Containers and Workflows in Bioinformatics

Tutorial 2: A Nextflow example with FastQC software

In this example, let’s use some real-world example that involves working with samples from sequencing experiments. We specifically learn:

fastqc_demo folder has the necessary files for running this tutorial. You can run Nextflow script for fastqc analysis on your interactive terminal by issuing the following command:

cd fastqc_demo
nextflow run fastqc.nf 

Identify resulting files from fastqc analysis ?

tip: check $PWD/work directory as shown in previous example

Passing parameters to nextflow pipeline

Nextflow parameters inside a script are declared by prepending to a variable name with the prefix params, separated by dot character (e.g., params.reads). Parameters thus specified in script are used by default. The parameter can also be specified on the commandline by prefixing the parameter name with a double dash character (e.g., –reads).

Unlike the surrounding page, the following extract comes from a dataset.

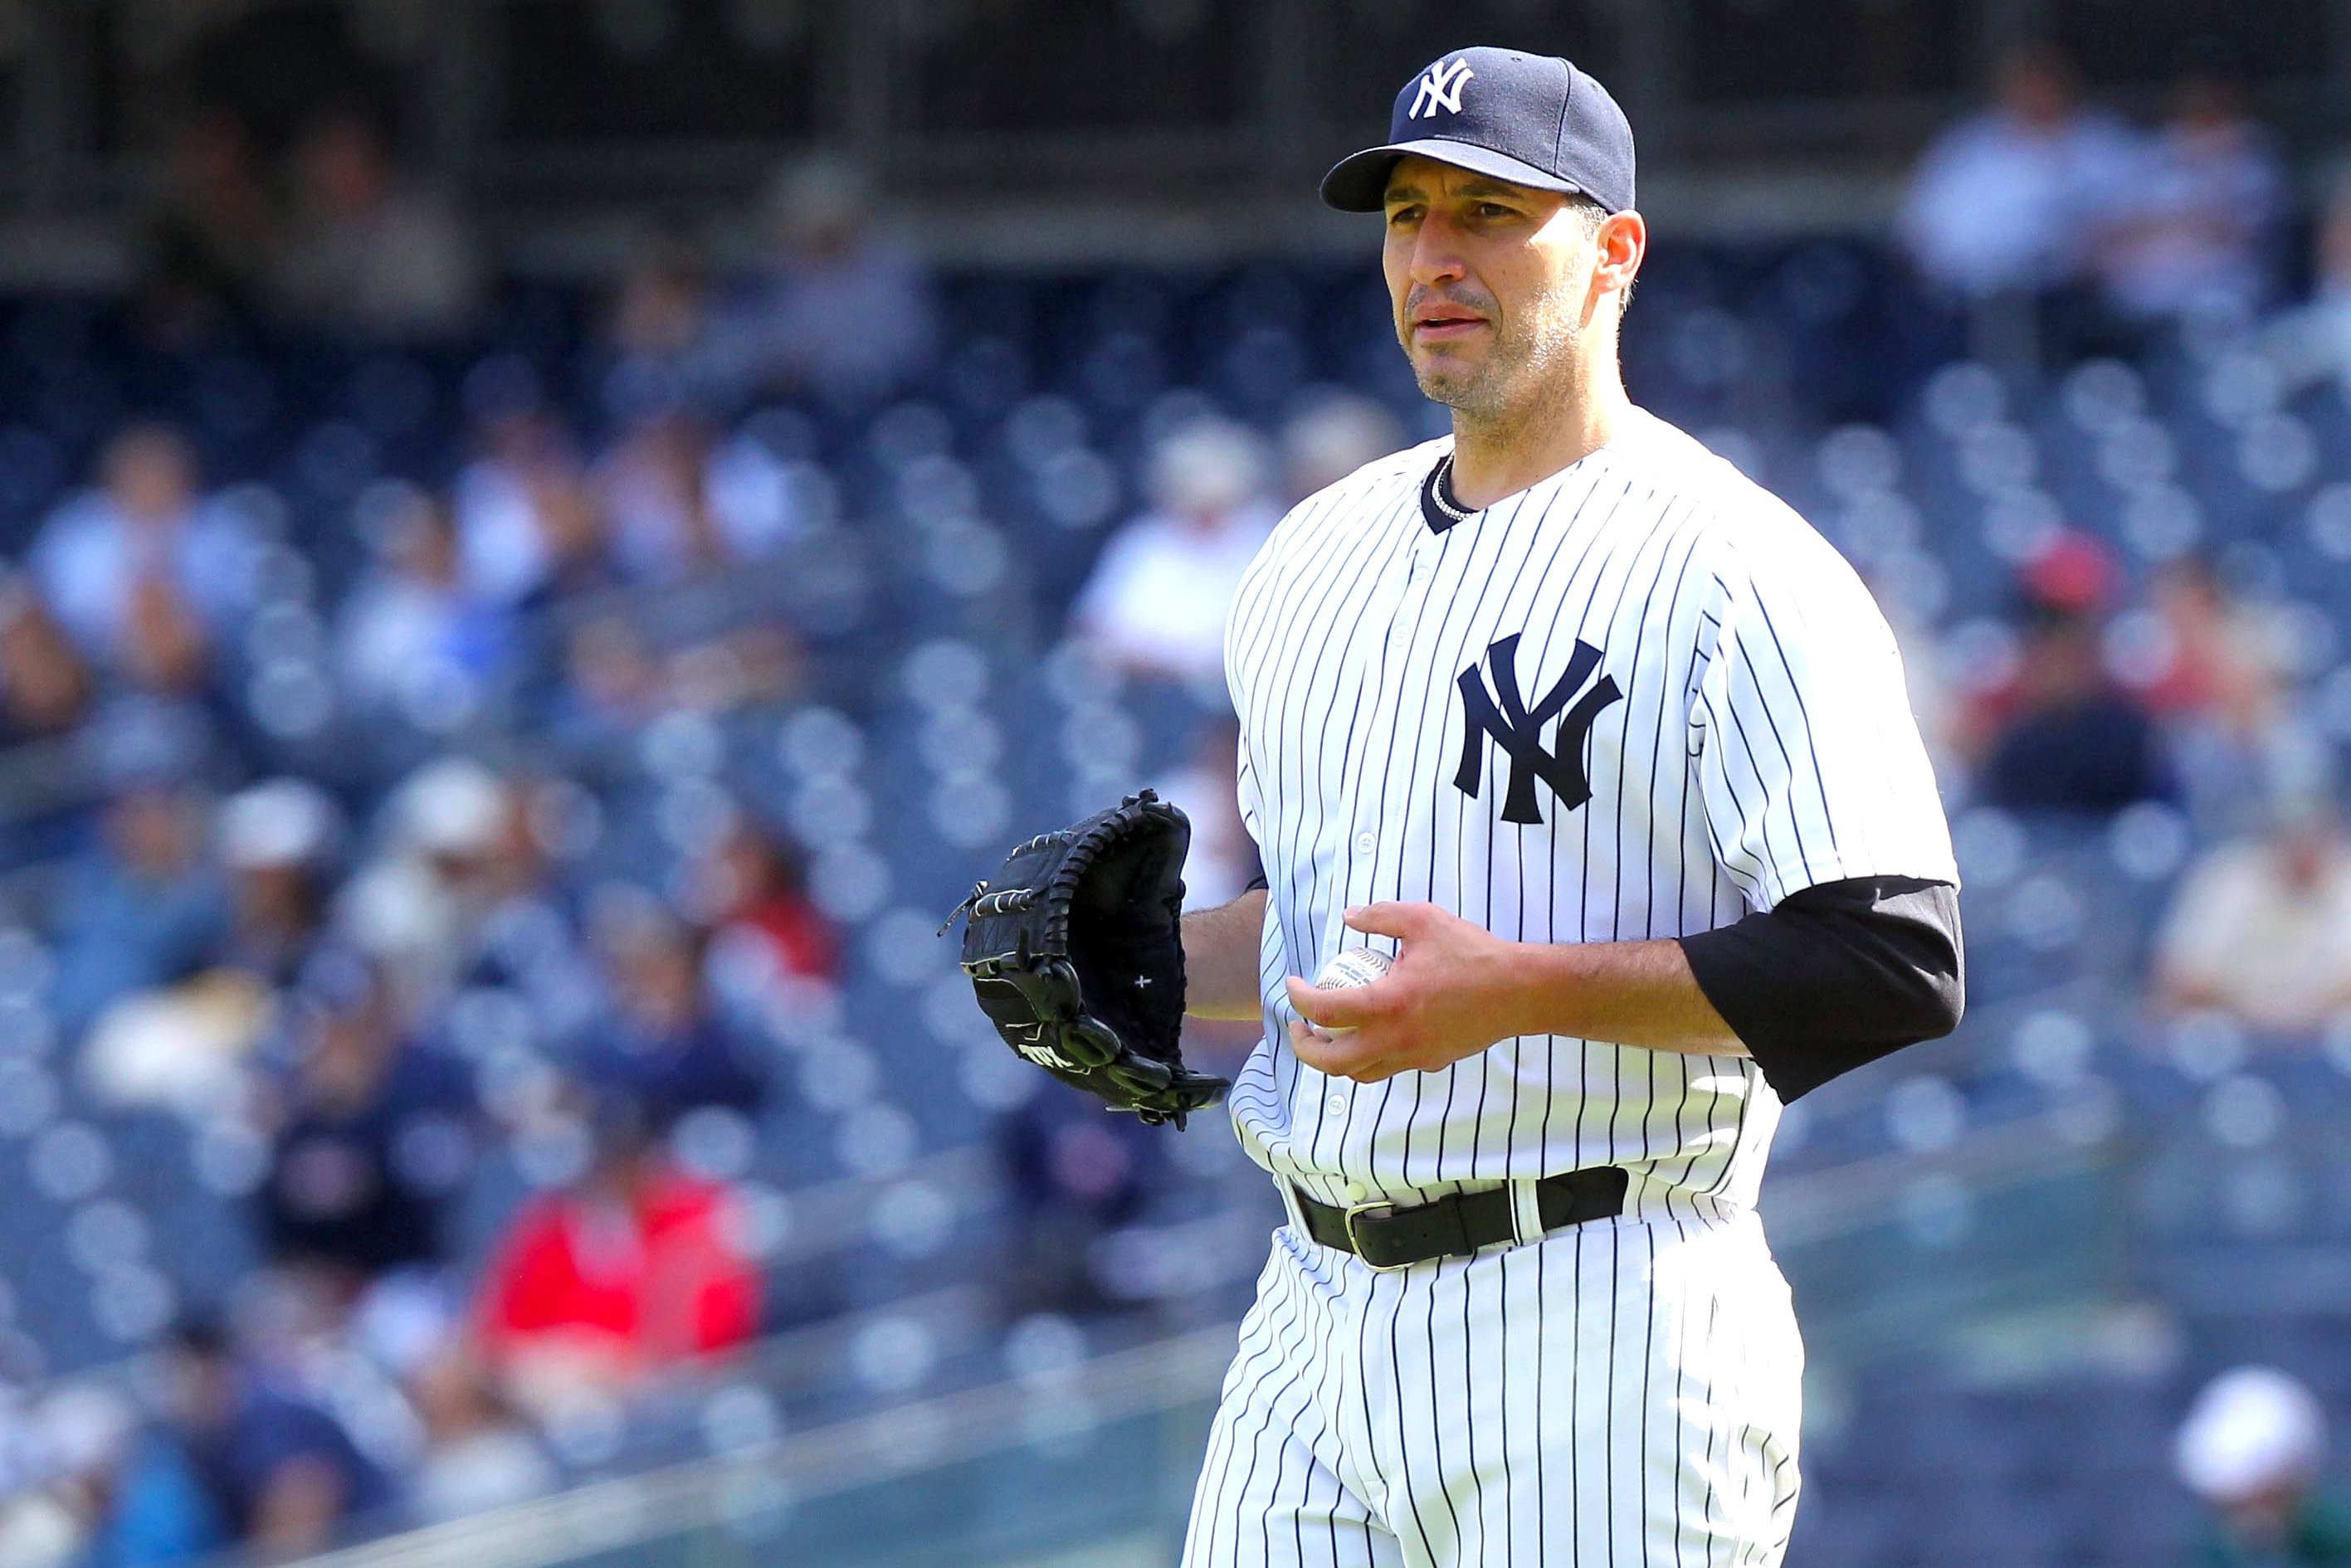 Andy Pettitte finally gets his WBC coaching moment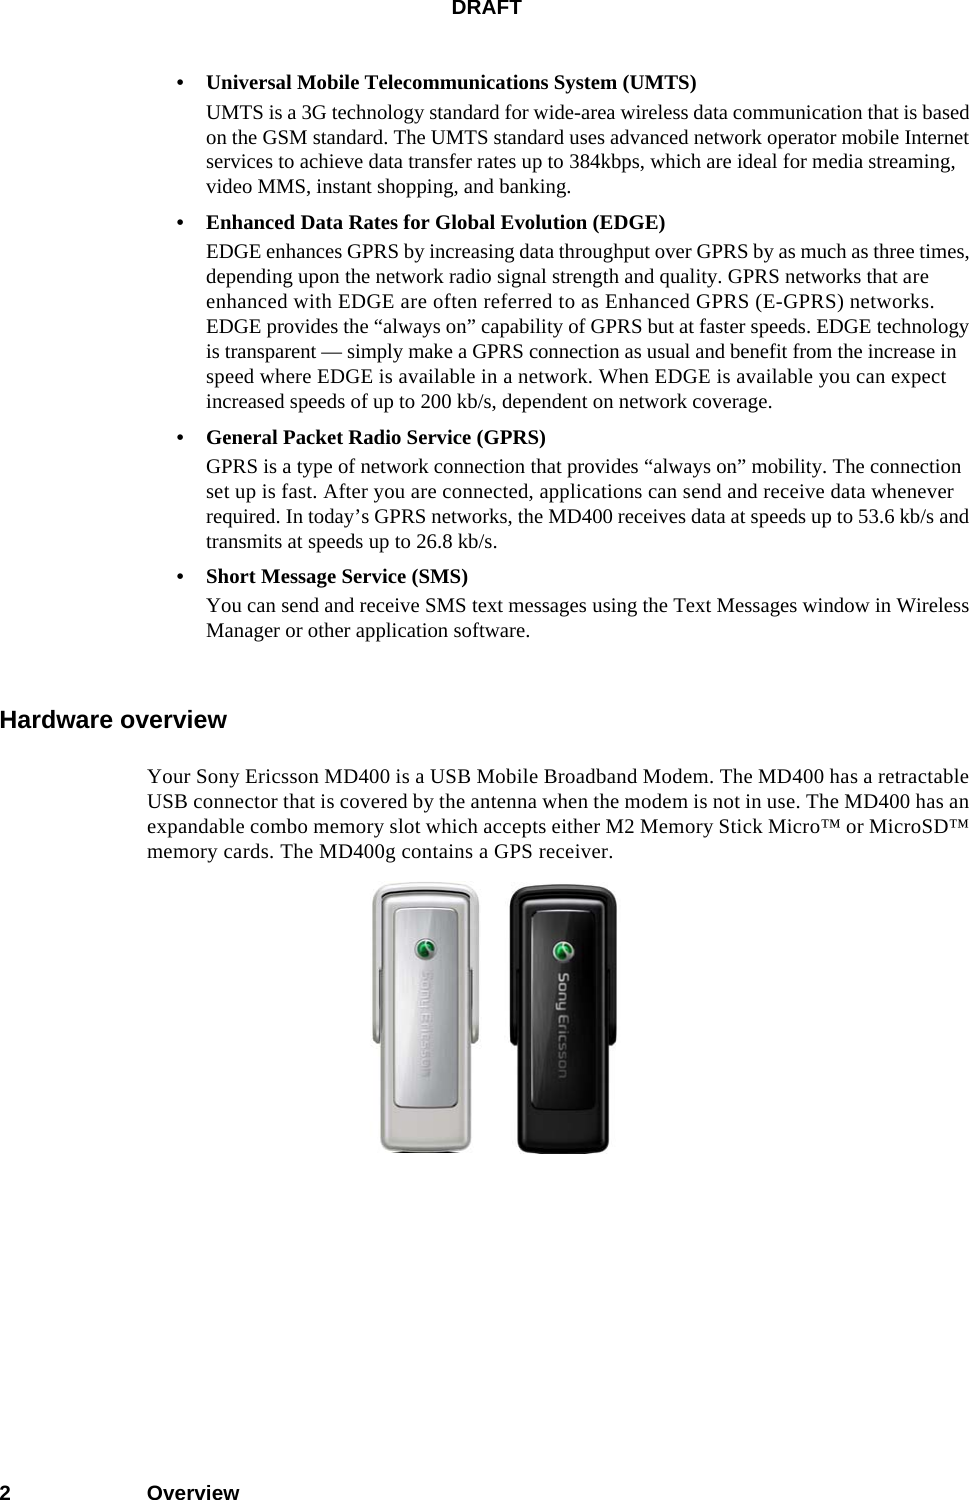 DRAFT2Overview• Universal Mobile Telecommunications System (UMTS)UMTS is a 3G technology standard for wide-area wireless data communication that is based on the GSM standard. The UMTS standard uses advanced network operator mobile Internet services to achieve data transfer rates up to 384kbps, which are ideal for media streaming, video MMS, instant shopping, and banking.• Enhanced Data Rates for Global Evolution (EDGE)EDGE enhances GPRS by increasing data throughput over GPRS by as much as three times, depending upon the network radio signal strength and quality. GPRS networks that are enhanced with EDGE are often referred to as Enhanced GPRS (E-GPRS) networks. EDGE provides the “always on” capability of GPRS but at faster speeds. EDGE technology is transparent — simply make a GPRS connection as usual and benefit from the increase in speed where EDGE is available in a network. When EDGE is available you can expect increased speeds of up to 200 kb/s, dependent on network coverage.• General Packet Radio Service (GPRS)GPRS is a type of network connection that provides “always on” mobility. The connection set up is fast. After you are connected, applications can send and receive data whenever required. In today’s GPRS networks, the MD400 receives data at speeds up to 53.6 kb/s and transmits at speeds up to 26.8 kb/s.• Short Message Service (SMS)You can send and receive SMS text messages using the Text Messages window in Wireless Manager or other application software.Hardware overviewYour Sony Ericsson MD400 is a USB Mobile Broadband Modem. The MD400 has a retractable USB connector that is covered by the antenna when the modem is not in use. The MD400 has an expandable combo memory slot which accepts either M2 Memory Stick Micro™ or MicroSD™ memory cards. The MD400g contains a GPS receiver.

Here is an example to declare parameters (here, input files) to fastqc software inside Nextflow script (NOT for running the command on terminal):

params.reads = "$baseDir/data/*_{1,2}.fq.gz"
input_ch = Channel.fromFilePairs(params.reads)

One can also override parameter values (here files inside $baseDir/data/ directory) in nextflow script by passing the parameters in commandline when executing script as shown below:

nextflow run fastqc.nf --reads data2/*_{1,2}_subset.fq.gz

Please note that data2 folder has different samples (i.e., lymphnode4a samples) than the ones (i.e.,lung3e samples) in data folder which could have been used by default. You can see that fastqc analysis was performed on a new set of samples now as shown below:

ls -l $PWD/work/*/*

NB: single dash (-) represents core nextflow parameters (e.g., -resume). double dash (--) represents user-defined and completely extensible one – they are used to populate params.

Moving results to a convenient directory

Checking resulting files from a workflow analysis as shown above is quite tedious especially when there are several processes inside a workflow. Nextflow provides an easy way to collect resulting files to a convenient place using a special directive, publishDir.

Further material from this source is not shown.